Solid interfaces are ubiquitous in machinery, materials, and devices. From nanoscale to macroscale, friction, wear, and fracture at such interfaces contribute significantly to energy loss and component failure. On the other hand, unique interfacial phenomena observed on nano-/microscales offer exciting opportunities for unexpected discoveries and technologies addressing global challenges in energy efficiency, environmental sustainability, materials manufacturing, and innovative nano-/microdevices. In this talk, I will present three interrelated topics from my recent research: (1) structural superlubricity (achieving near-zero friction without the need for lubricants), including how interesting mechanical behaviors emerge on the microscale when friction is nearly zero, how edges limit superlubricity, and how defects cause its failure; (2) mechanochemistry (driving and controlling chemical reactions with interfacial forces), including a new insight from combining mechanochemistry with contact mechanics, how it enables reliable reaction kinetics measurements, and its application to in-situ formation of anti-wear coatings and to chemical reactions that constrain the lifetime of nano-electro-mechanical switches; and (3) nanofracture of layered materials, studied using atomic force microscopes, revealing graphene’s fracture anisotropy and mechanochemically-governed fracture initiation. Finally, I will discuss the implications from these fundamental studies, the limitations of the current work, and challenges to address in future research.
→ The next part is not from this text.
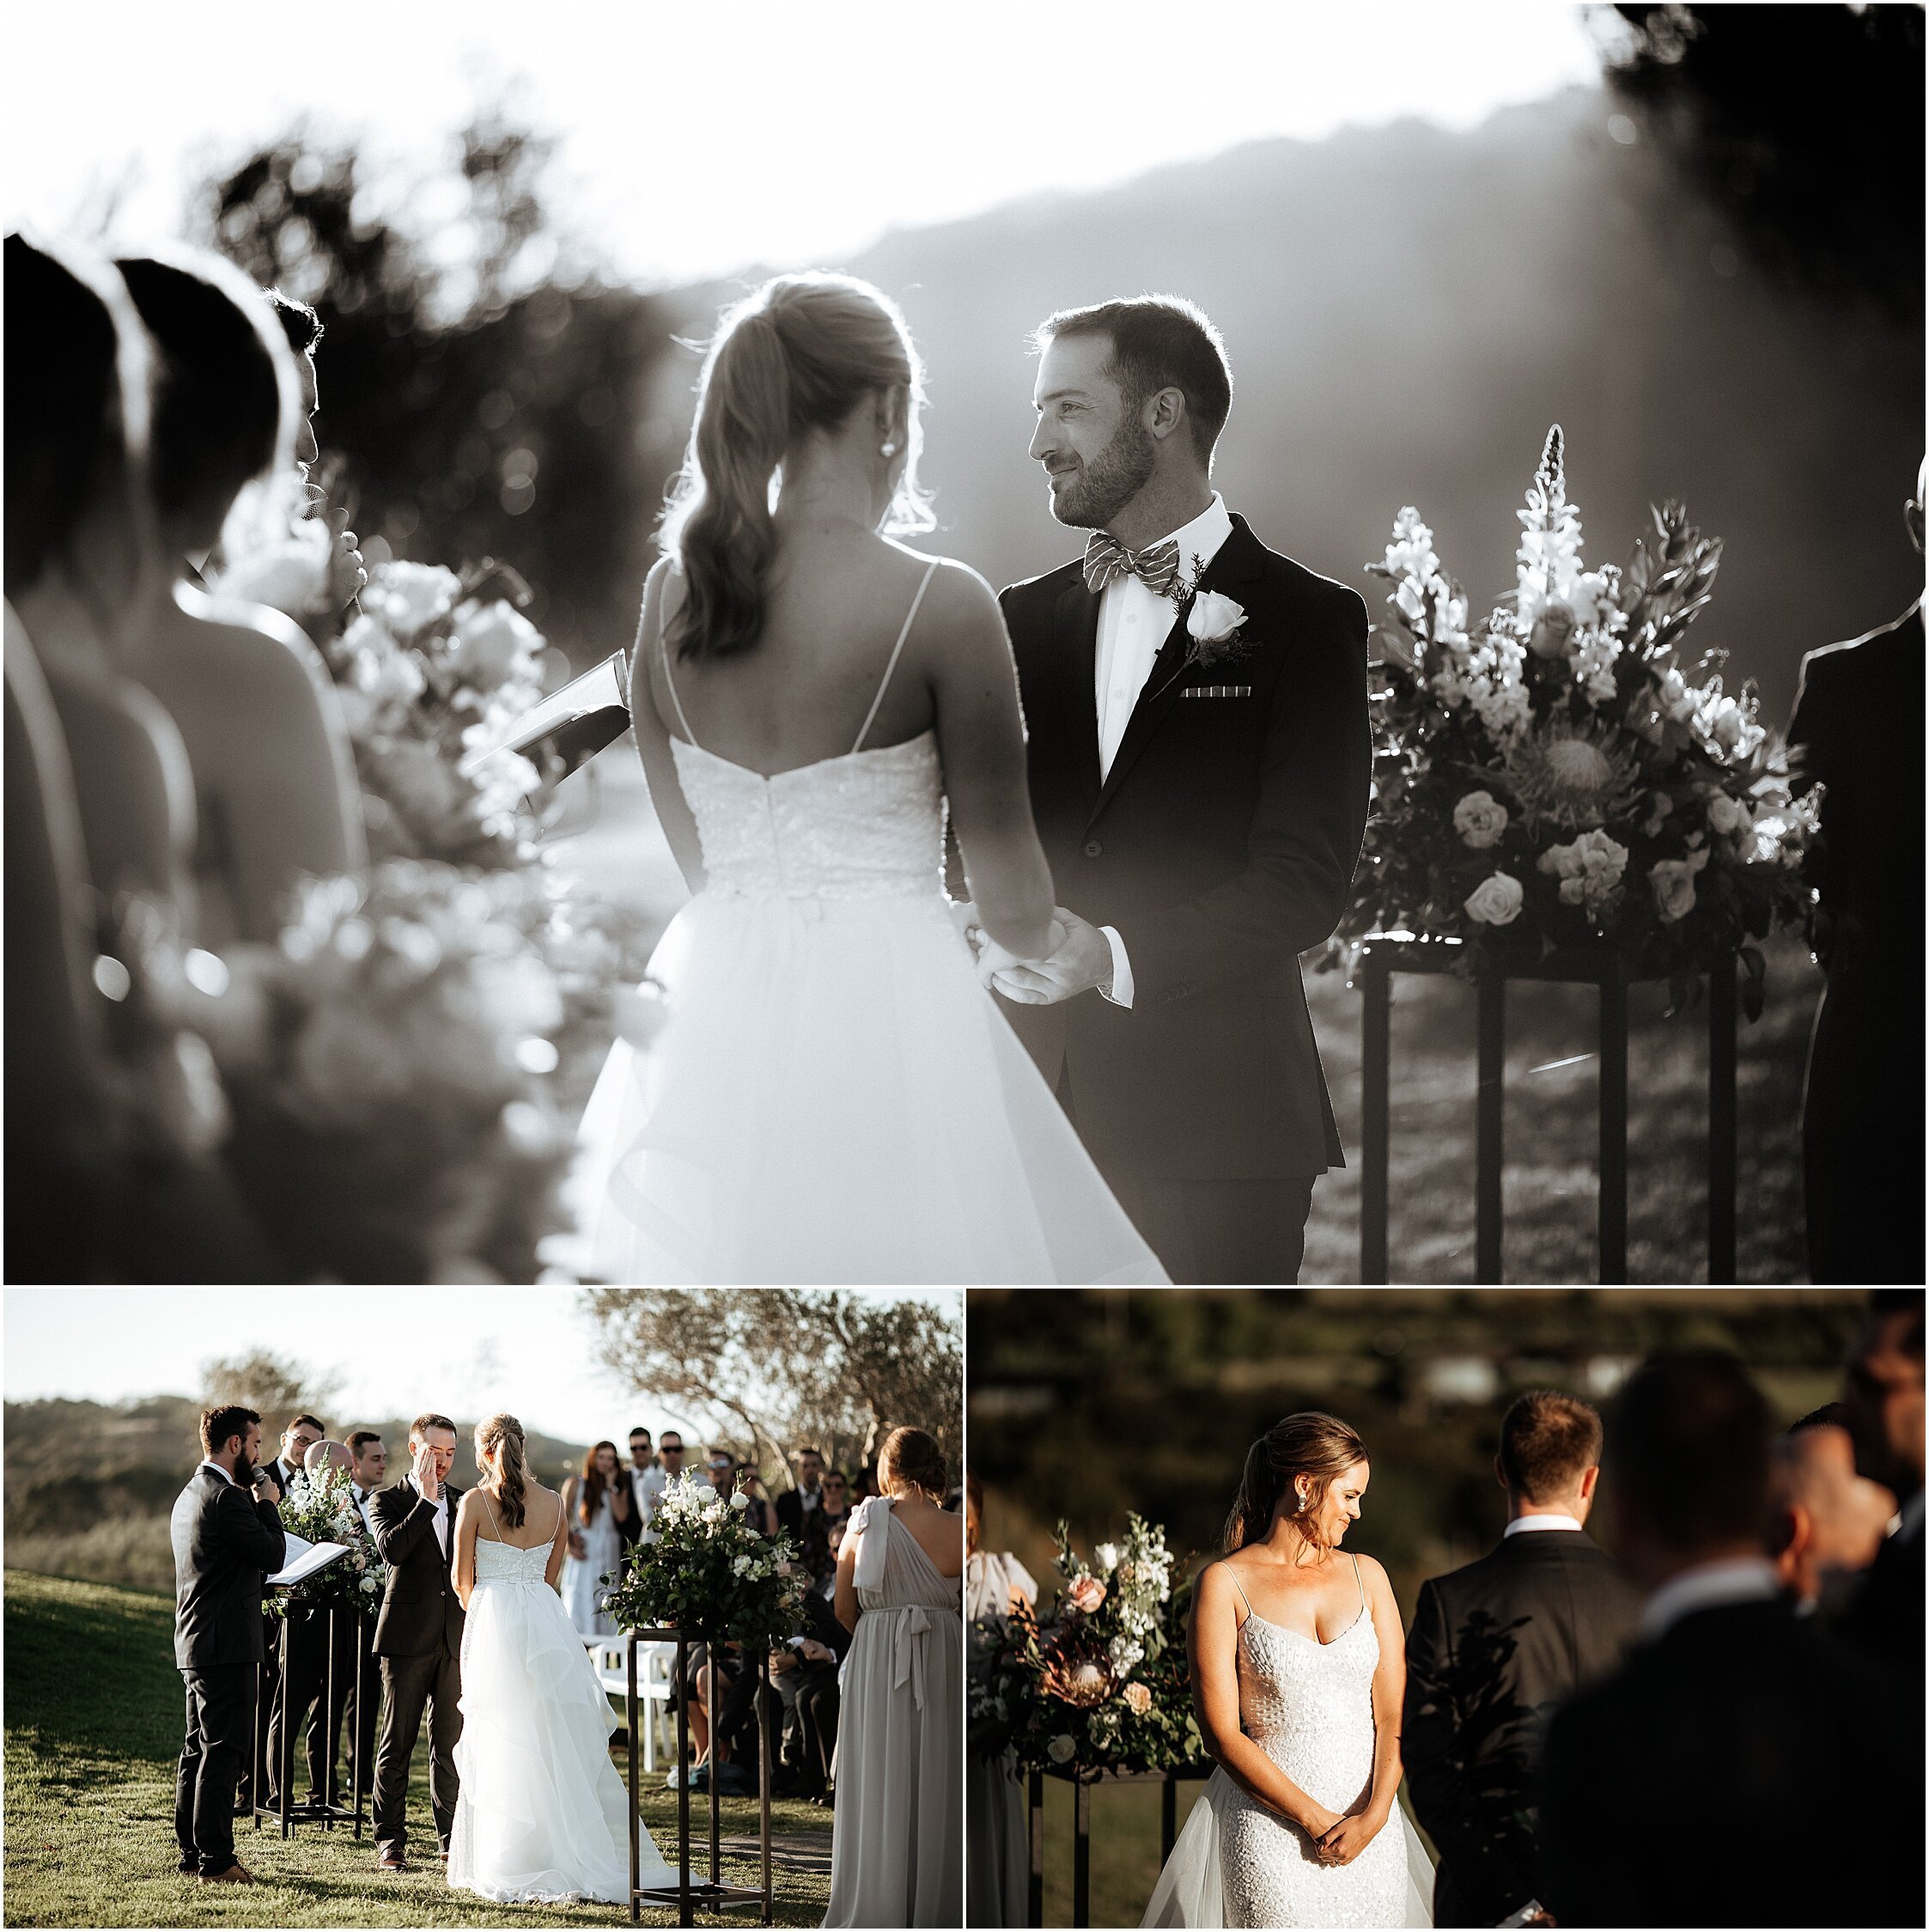 Zanda+Auckland+wedding+photographer+chic+vibrant+Cable+Bay+vineyard+venue+Waiheke+Island+New+Zealand_38.jpeg

The fracture properties of graphene are critical for applications that require robust mechanical properties such as low-friction coatings, but conflicting results on fracture anisotropy and limited work on fracture initiation remain challenges. We developed an AFM-based method to determine graphene's fracture anisotropy and studied the kinetics of fracture initiation by sliding the tip against atomic step edges on graphite. Using naturally-formed atomic steps from exfoliating graphene, this method enables precise, high-throughput measurements. We show that zigzag (ZZ) direction has slightly lower fracture toughness than the armchair (AC) direction, with an anisotropy factor of 0.971. The dependence of fracture initiation rate on applied normal and shear stresses and the temperature agrees with stress-assisted thermal activation kinetics, as described by the Eyring model. This is used to determine the activation energy and activation volume for the fracture initiation process.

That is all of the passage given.